A little digging in the vast stacks of the North Carolina Collection and lots of searching on the Web may have yielded an answer. But we’re hoping that readers of North Carolina Miscellany can confirm our theory. And, if nothing else, we’re happy to share with you the story of a once renowned artist with North Carolina roots.

Charles Baskerville Jr. rose to prominence in the 1930s as a portraitist and muralist for the rich and powerful. Those who sat for his portraits included Jawaharlal Nehru, the King of Nepal, Bernard Baruch, William S. Paley, Helen Hayes, the Duchess of Windsor and Cornelius Vanderbilt Whitney. His murals decorated the main lounge and ballroom of the ocean liner S.S. America, the bathrooms of New York’s “21,” the Wall Street Club and the homes of such wealthy and famous individuals as boxer Gene Tunney and New York Mets founder Joan Whitney Payson.

Through his work Baskerville, who was born in Raleigh in 1896 and the son of a UNC chemistry professor, became a darling of the wealthy and hobnobbed with high society. His friends included New York socialite Brooke Astor and John Ringling North, who inherited Ringling Brothers and Barnum and Bailey Circus from his uncles in the 1930s. Baskerville’s friendship with North brought him entree into the world of circus performers and backlots. And he began to travel with the circus, creating backdrops for acts, sketching performers and producing paintings of the animals. During the 1950s, Baskerville produced several covers for Ringling Brothers programs. The 1952 cover features a shapely tiger handler and her charge. And, as Ernest J. Albrecht notes in A Ringling by Any Other Name: The Story of John Ringling North and His Circus a Baskerville painting hung for many years in Jomar, North’s private railway car on the circus train.

So, could it be the Ringling Bros. circus in the Baskerville painting above?

The Ringling Bros. Route Book for 1942 suggests that the circus visited 26 states. But, unfortunately, it doesn’t provide of list of them. The route book does record the cities and towns where Ringling Bros. had stands of two days or longer and no place in North Carolina is included.

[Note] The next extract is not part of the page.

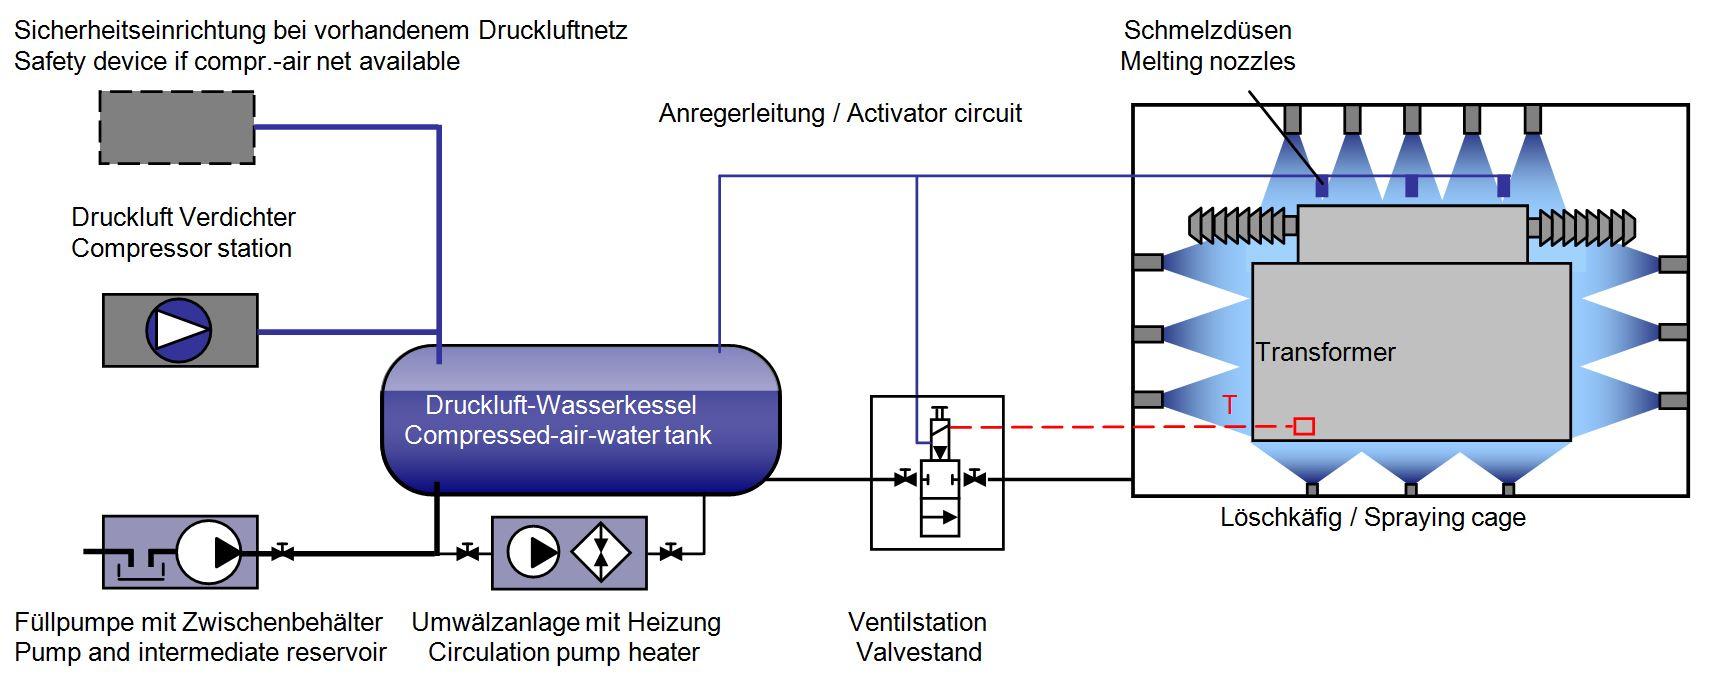 Firefighting Systems Transformers - HL Hydraulik GmbH Herdorf ...

But it’s also possible that North Carolina was the site of a one-day stand. There were 68 of those in 1942.

The route book also lists the acts or displays that the circus included in 1942. Display 14 reads, “Bridal Bells Ring Out in Clownland. A Mighty and Merry Travesty in Which Pomp and Panoply Have Their Roles-and Rolls.” Then it notes, “The Wedding of Gargantua and Toto.” Is that a wedding bell in the middle of the painting?

As for the wedding….Gargantua and Toto were gorillas. Following the hype that resulted from the release of the film King Kong in 1933, North bought a gorilla for the circus in 1937. Although originally named Buddy, the gorilla was renamed Gargantua by Ringling Bros.’ press department in an effort to make him fit his billing as “the world’s most terrifying living creature.” Indeed, the gorilla could be menacing. His upper lip was curled in a permanent sneer, the result of scarring that occurred when a drunken sailor threw acid at him when he was being transported from Africa as a young animal. Gargantua also occasionally displayed aggressive behavior. He is said to have bitten several who ventured too close, including North in February 1939. Nevertheless, North turned to the animal to give the floundering circus a boost in attendance.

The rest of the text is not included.